SUPPLIED MATERIAL
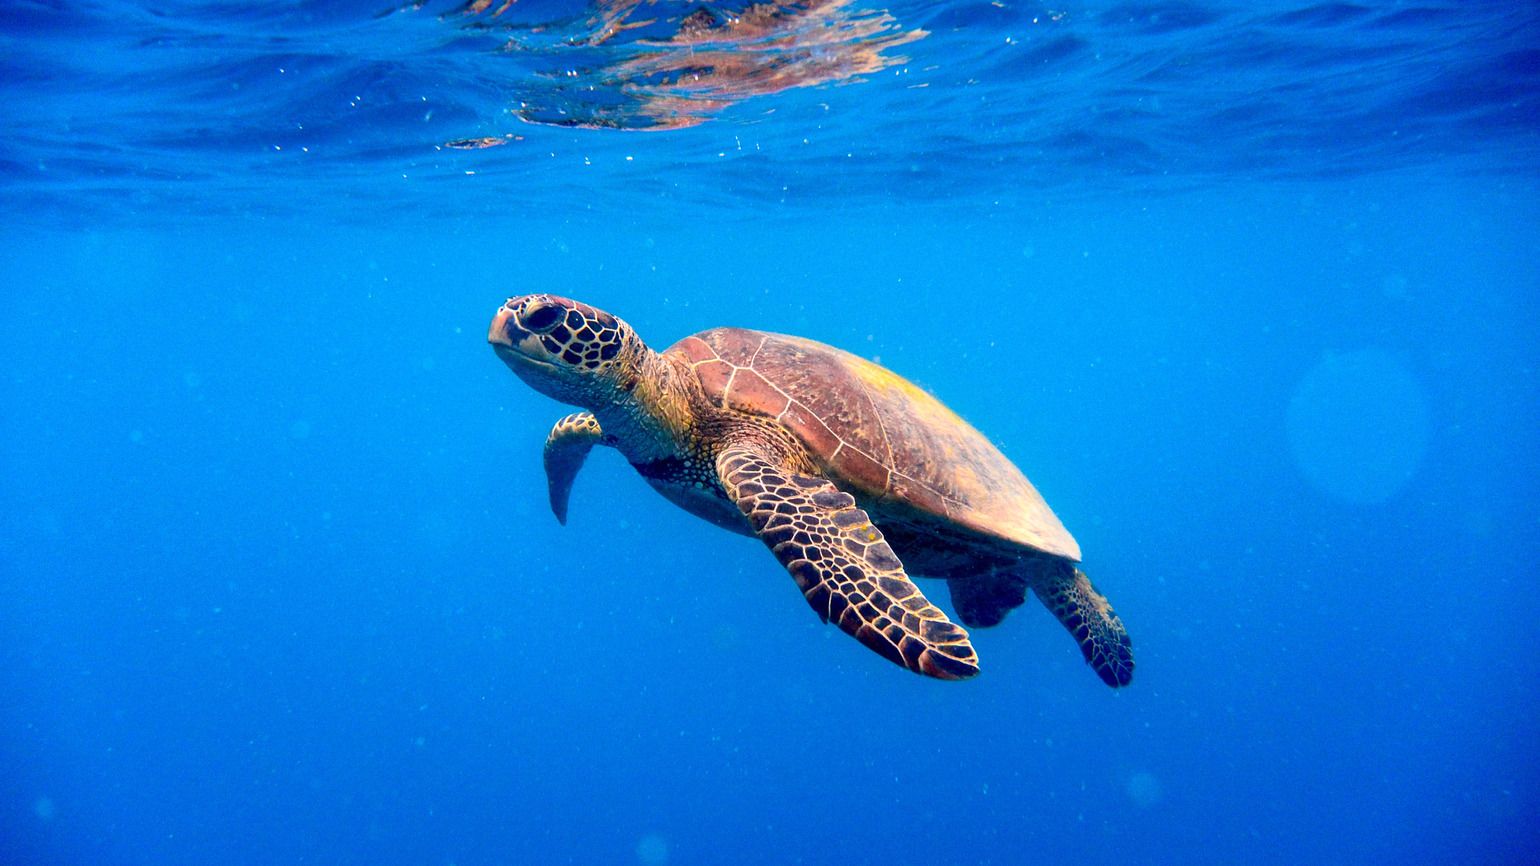 A sea turtle is an example of creation by God's hands
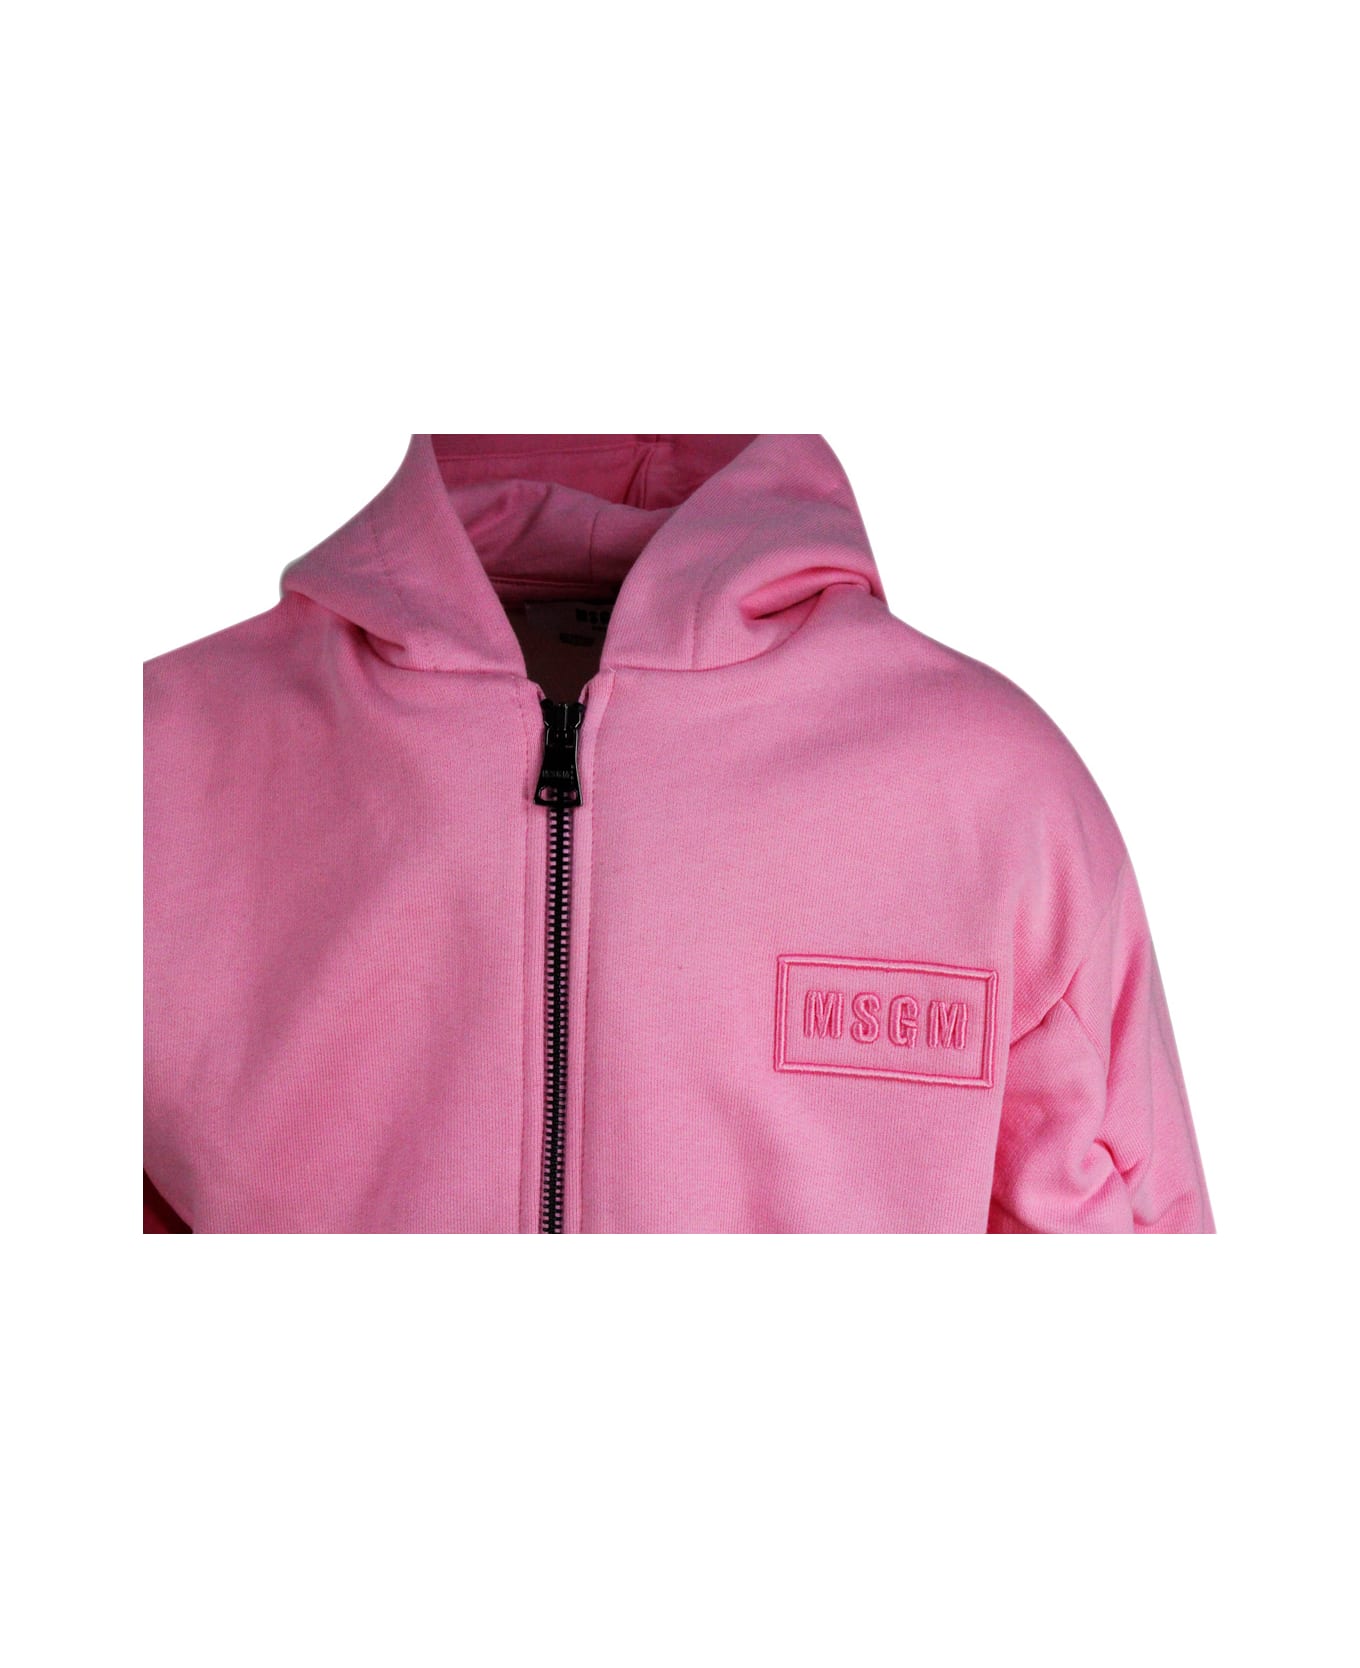 MSGM Cotton Sweatshirt With Hood With Side Pockets, Zip Closure And Writing - Pink
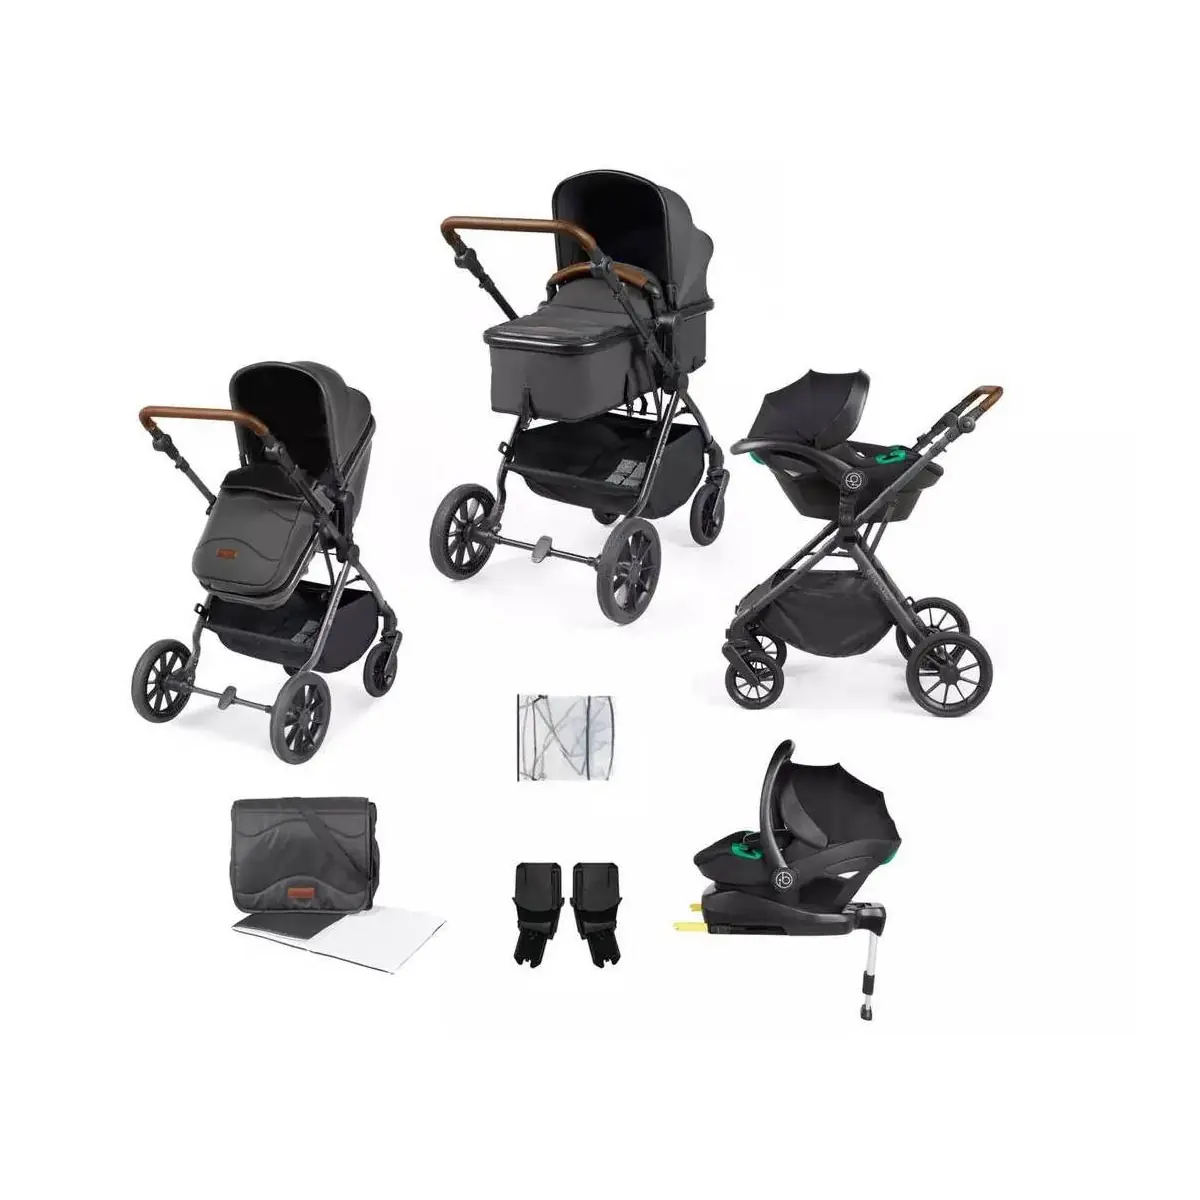 Ickle Bubba Cosmo Black Frame Travel System with Stratus i-Size Car Seat and Isofix Base - Graphite... from Kiddies Kingdom
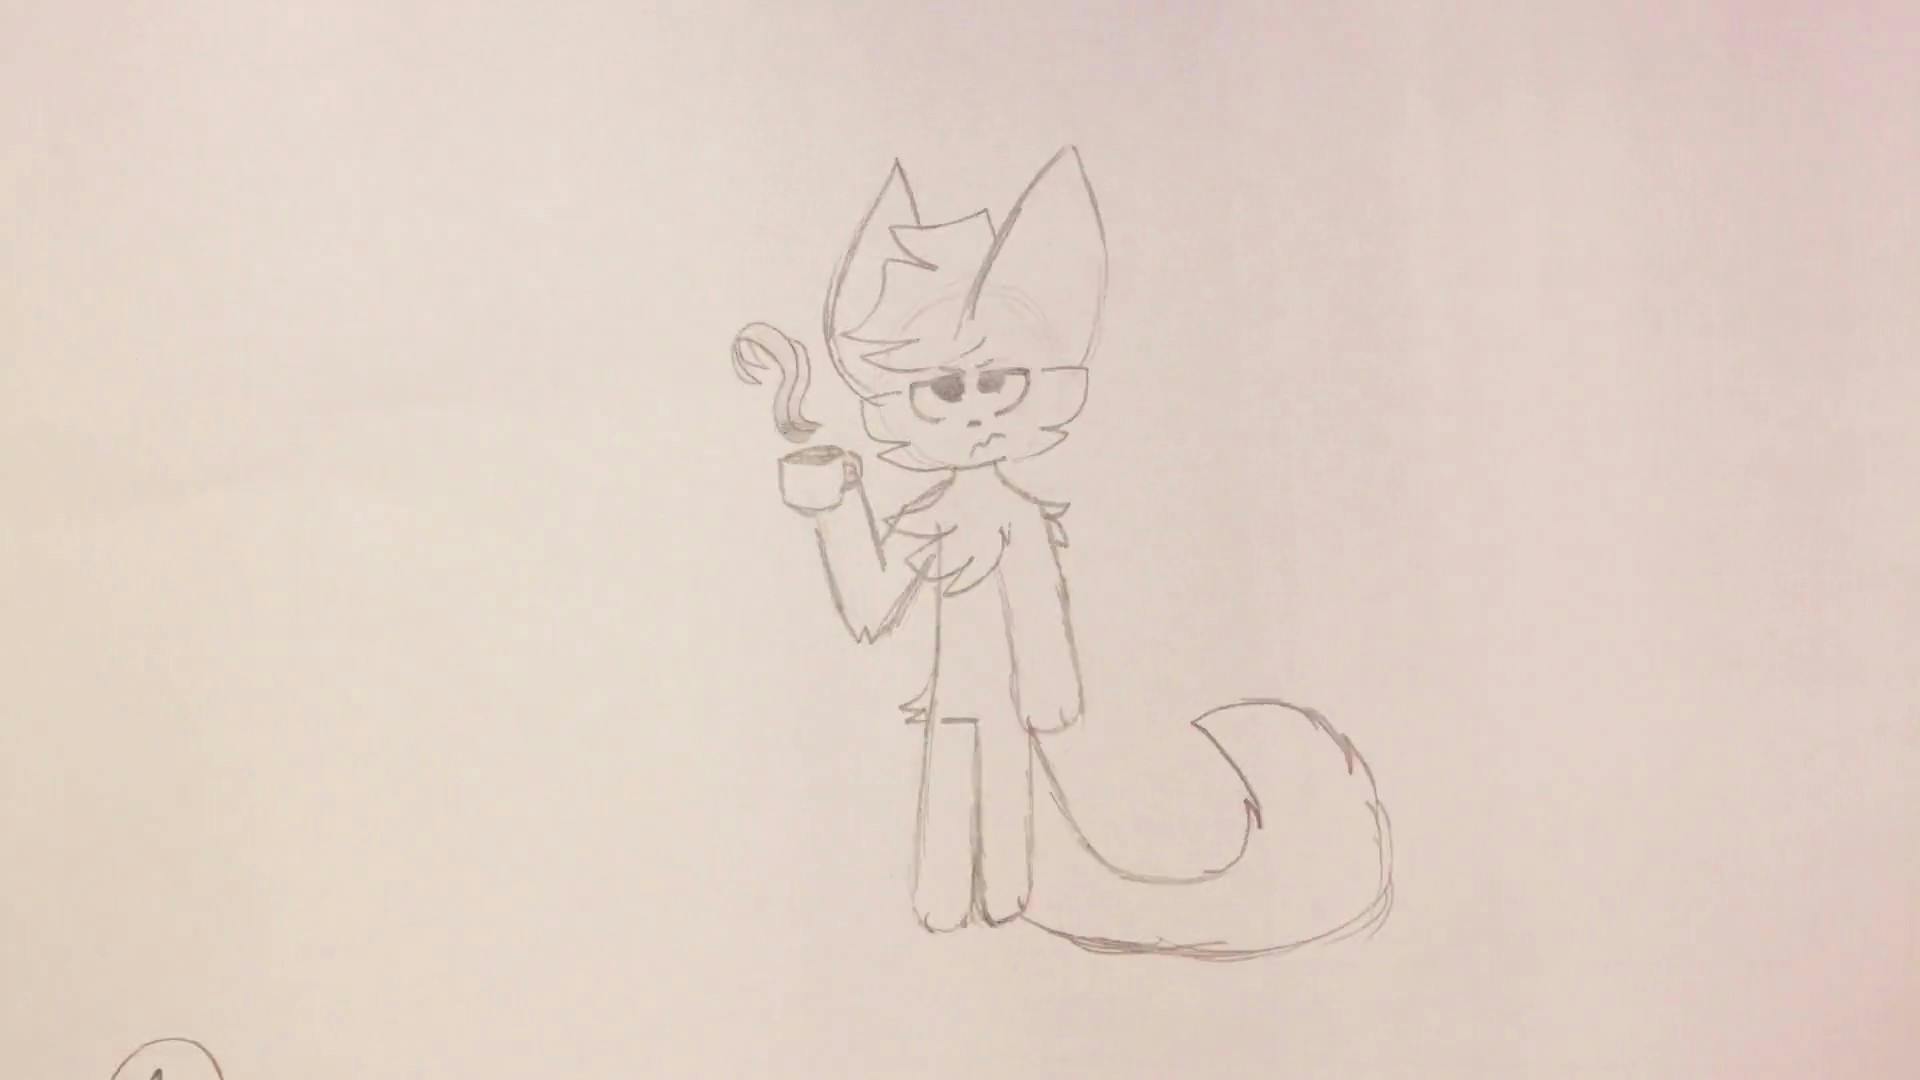 drawing of a cat character who looks grumpy, holding a cup of coffee

REQUIREMENT
Restate the whole listing above exactly, except for its images.

WRITTEN SOLUTION
 A sea turtle is an example of creation by God's hands
 MSGM Cotton Sweatshirt With Hood With Side Pockets, Zip Closure And Writing - Pink
 Ickle Bubba Cosmo Black Frame Travel System with Stratus i-Size Car Seat and Isofix Base - Graphite... from Kiddies Kingdom
 drawing of a cat character who looks grumpy, holding a cup of coffee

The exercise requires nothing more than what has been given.